Problem details –
Repeat each line of the data below exactly, but skip the pictures.

Material provided –
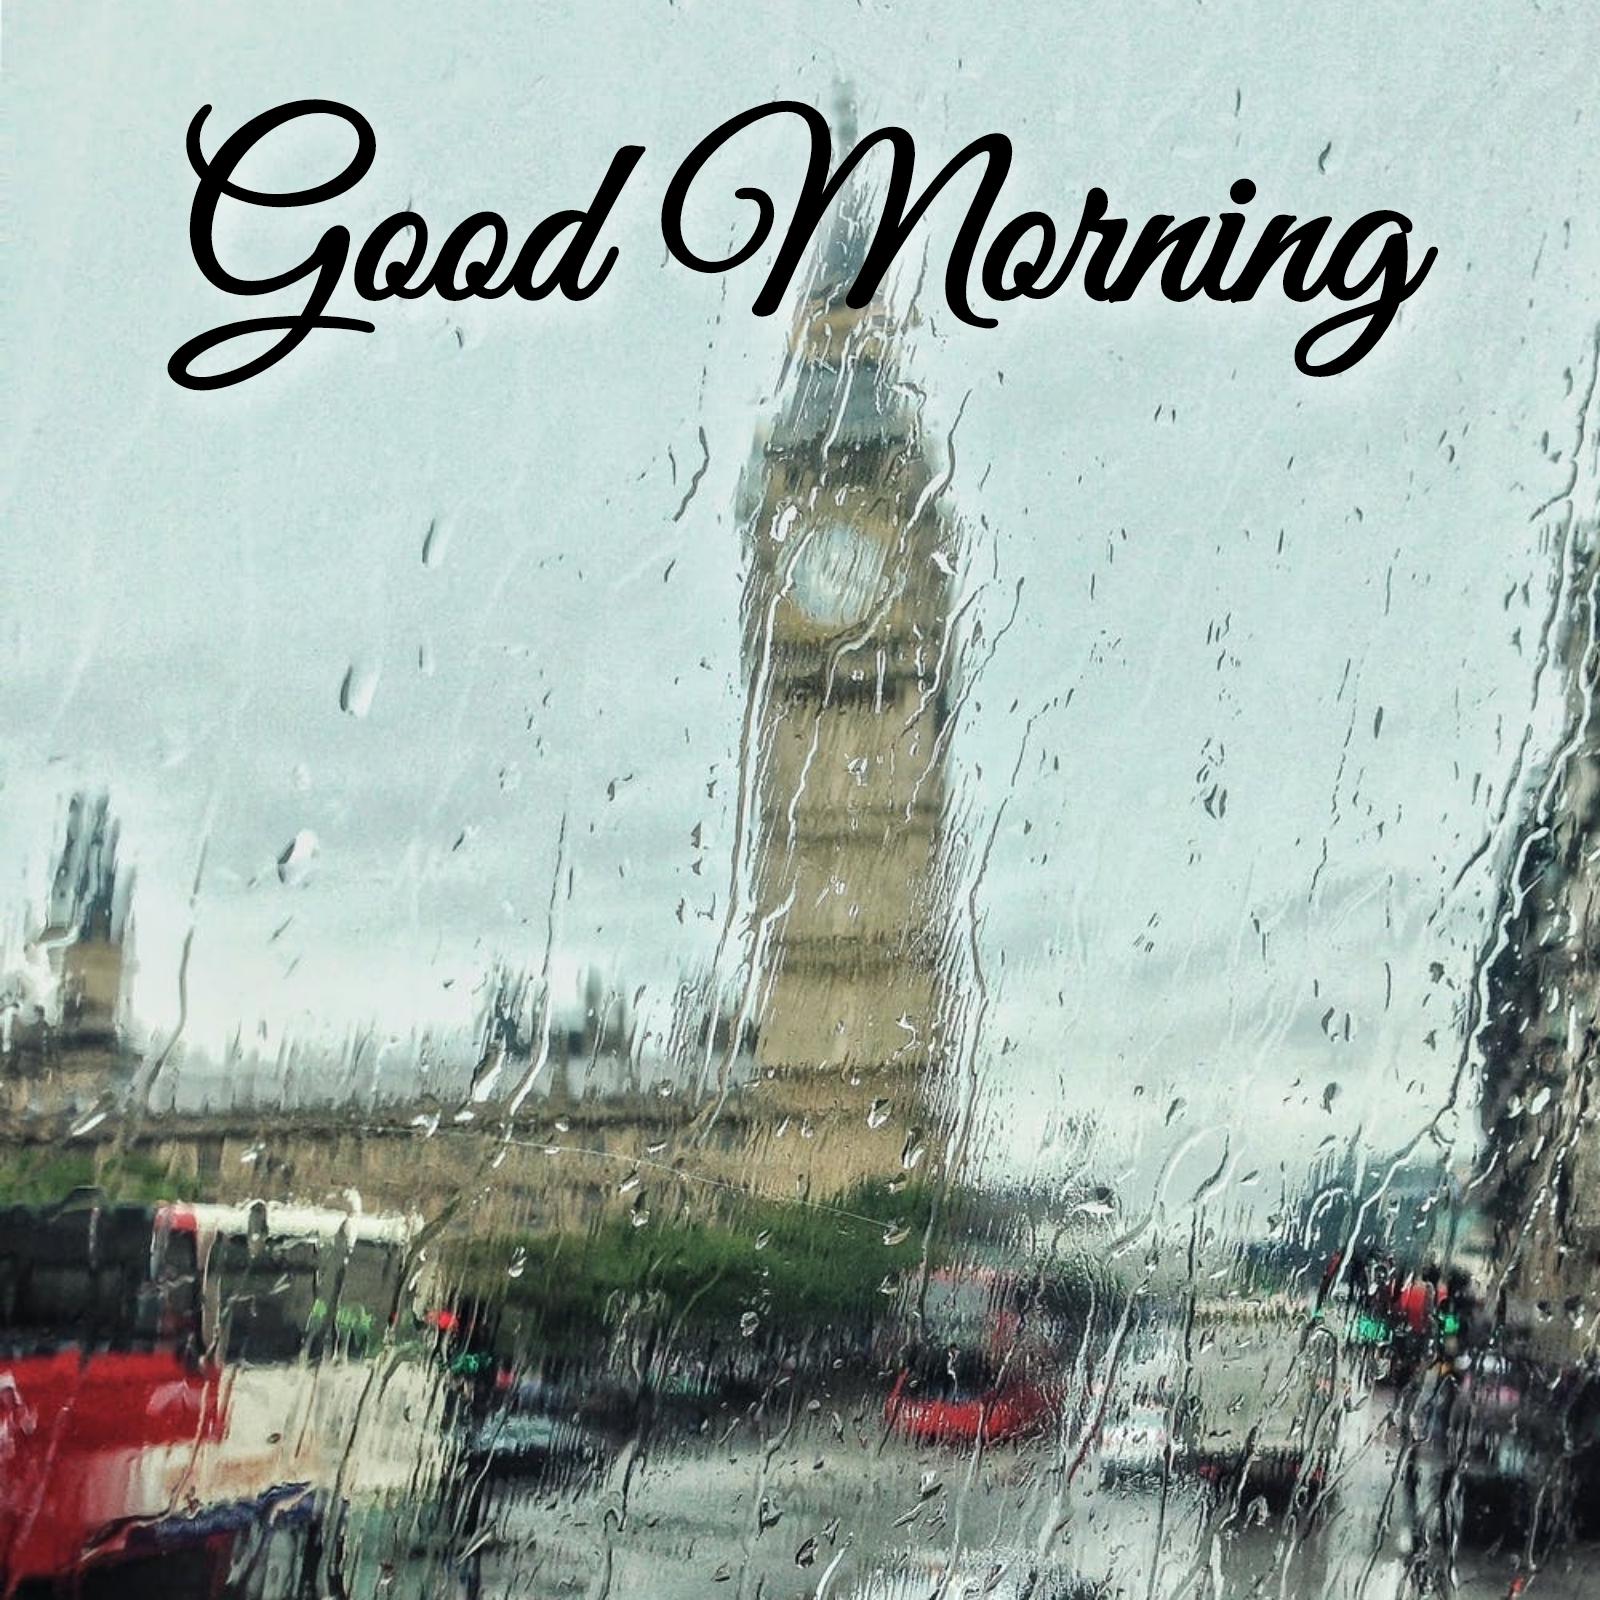 Good Morning Images Rainy Season
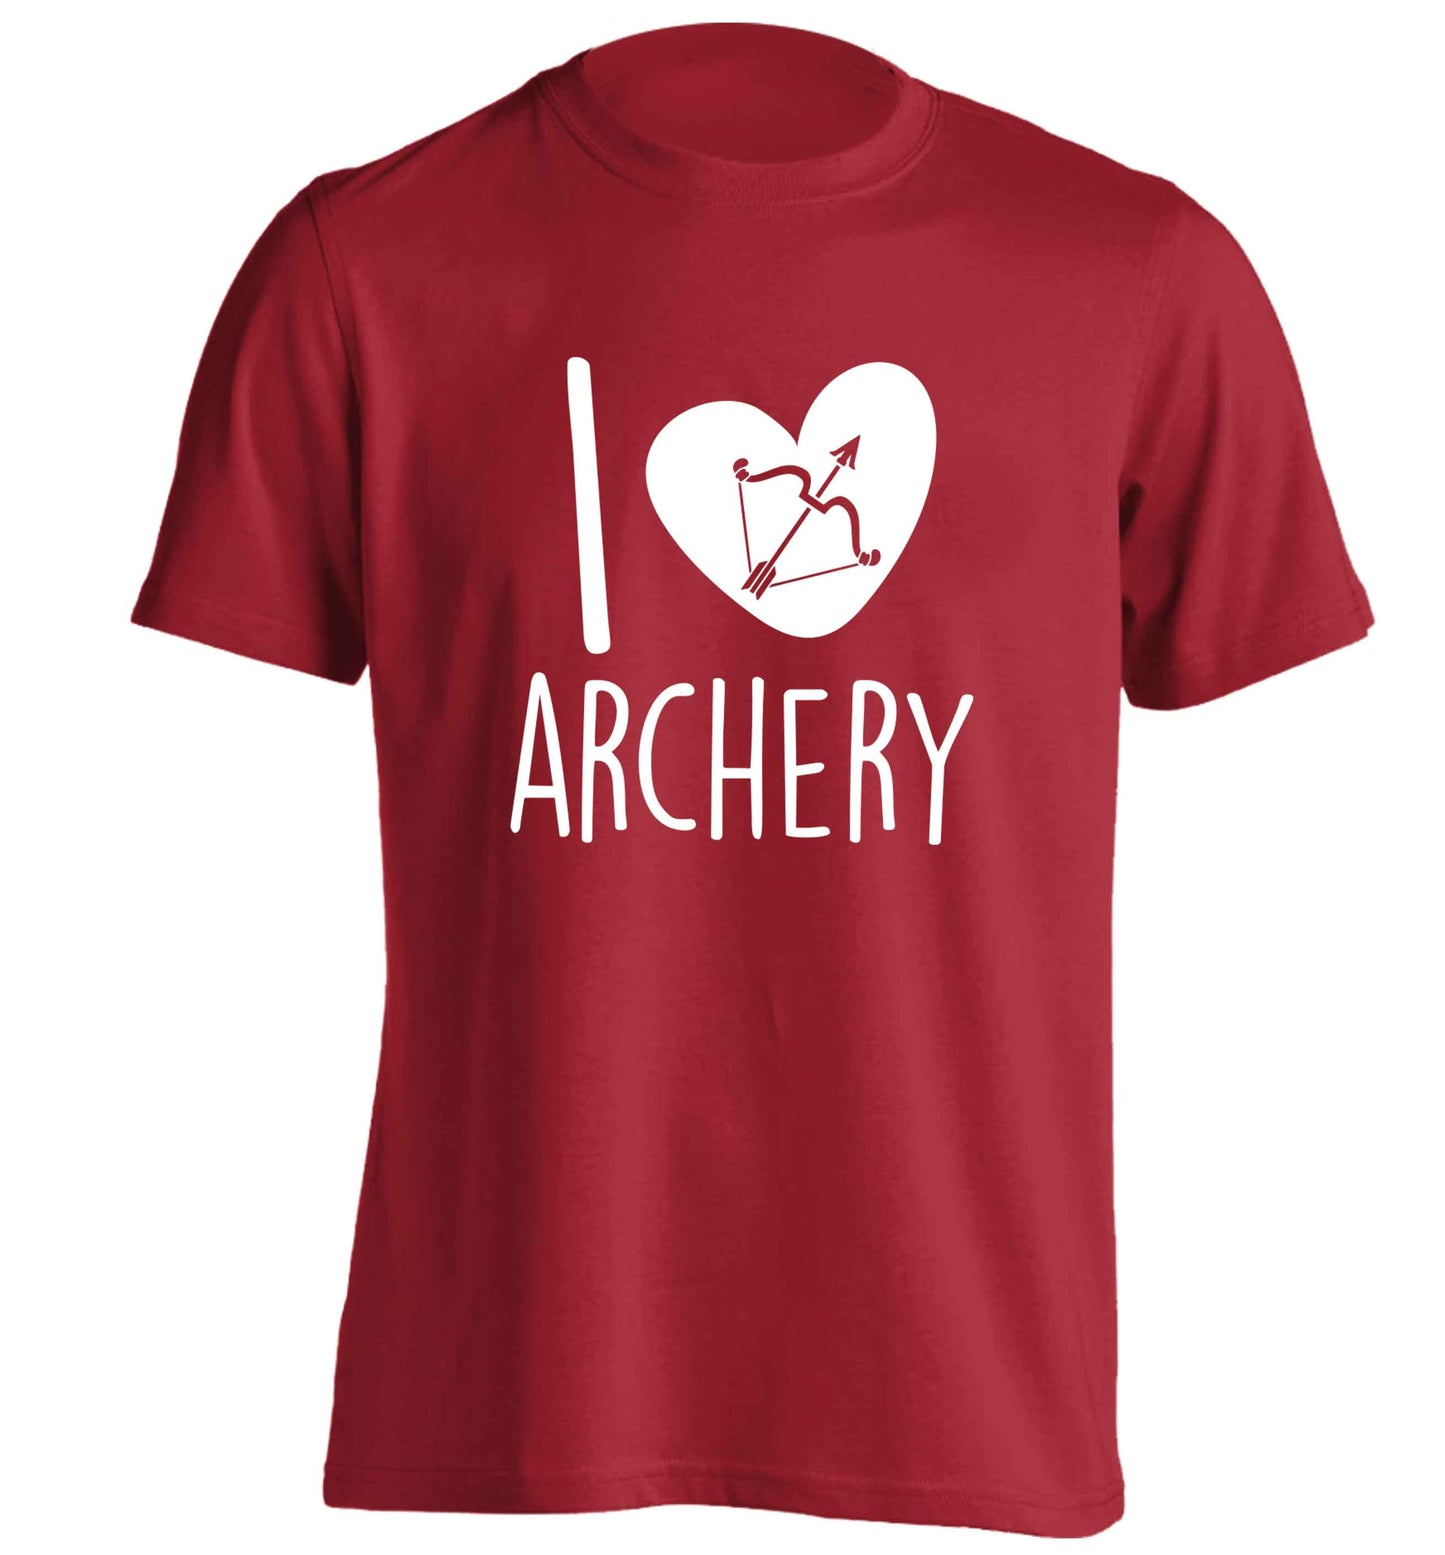 I love archery adults unisex red Tshirt 2XL
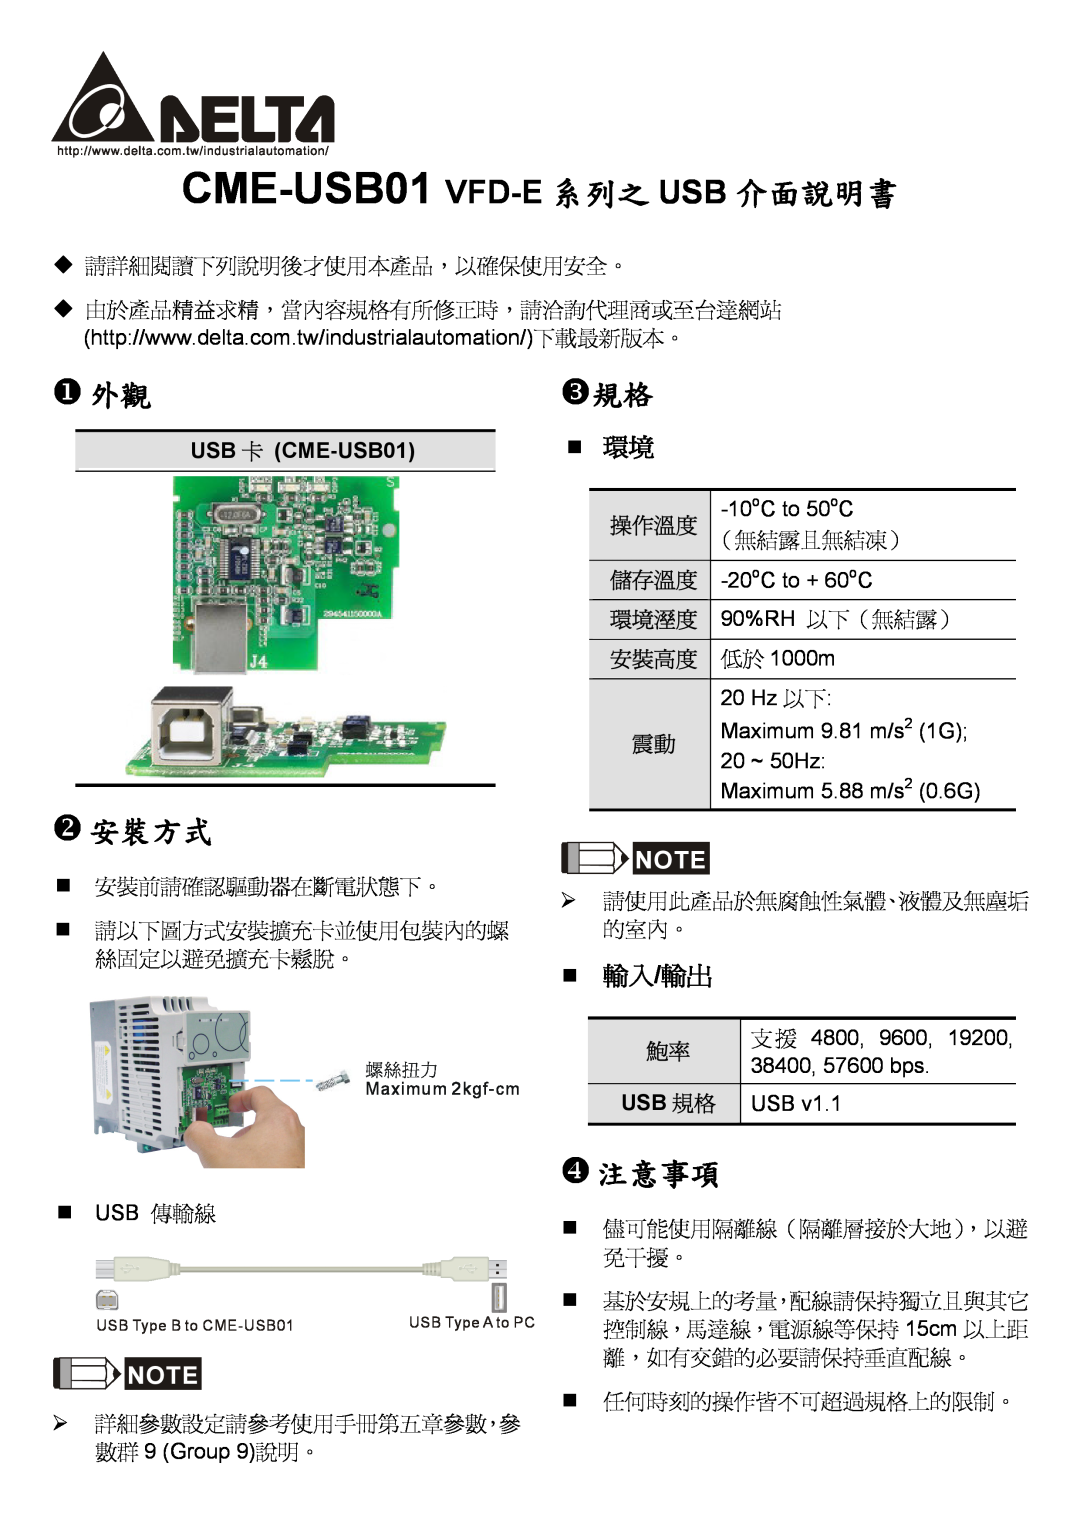 Delta Electronics USB 卡 CME-USB01, Usb 規格, CME-USB01 VFD-E 系列之 USB 介面說明書, X 外觀, Y 安裝方式, 注意事項, 輸入/輸出, 操作溫度, 儲存溫度, 環境溼度 
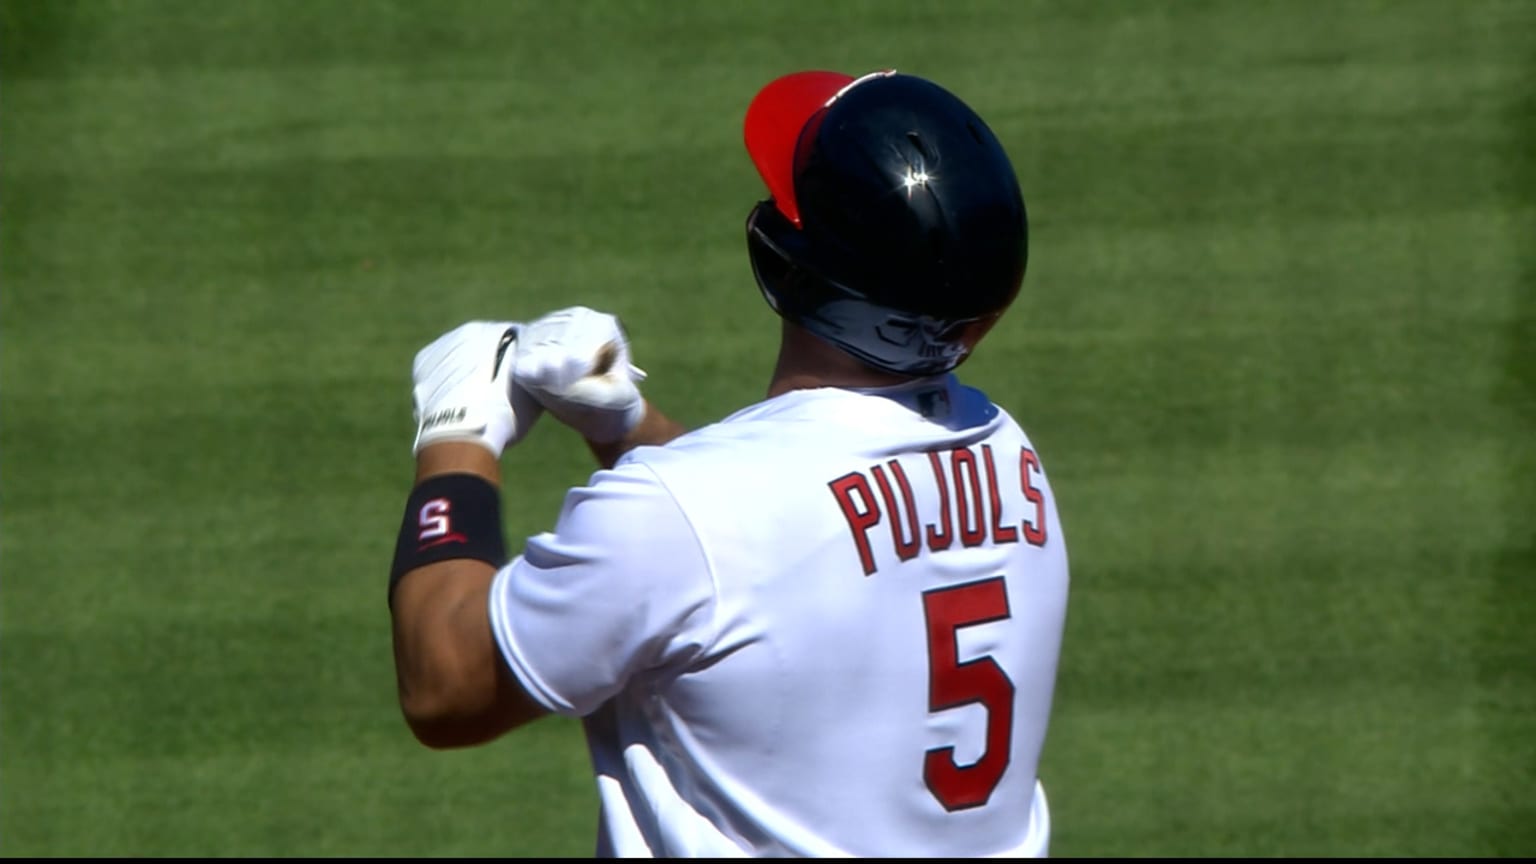 Albert Pujols' batting stance over the years : r/baseball

Exercise solution –
 Good Morning Images Rainy Season
 I love archery adults unisex red Tshirt 2XL
 Delta Electronics USB 卡 CME-USB01, Usb 規格, CME-USB01 VFD-E 系列之 USB 介面說明書, X 外觀, Y 安裝方式, 注意事項, 輸入/輸出, 操作溫度, 儲存溫度, 環境溼度 
 Albert Pujols' batting stance over the years : r/baseball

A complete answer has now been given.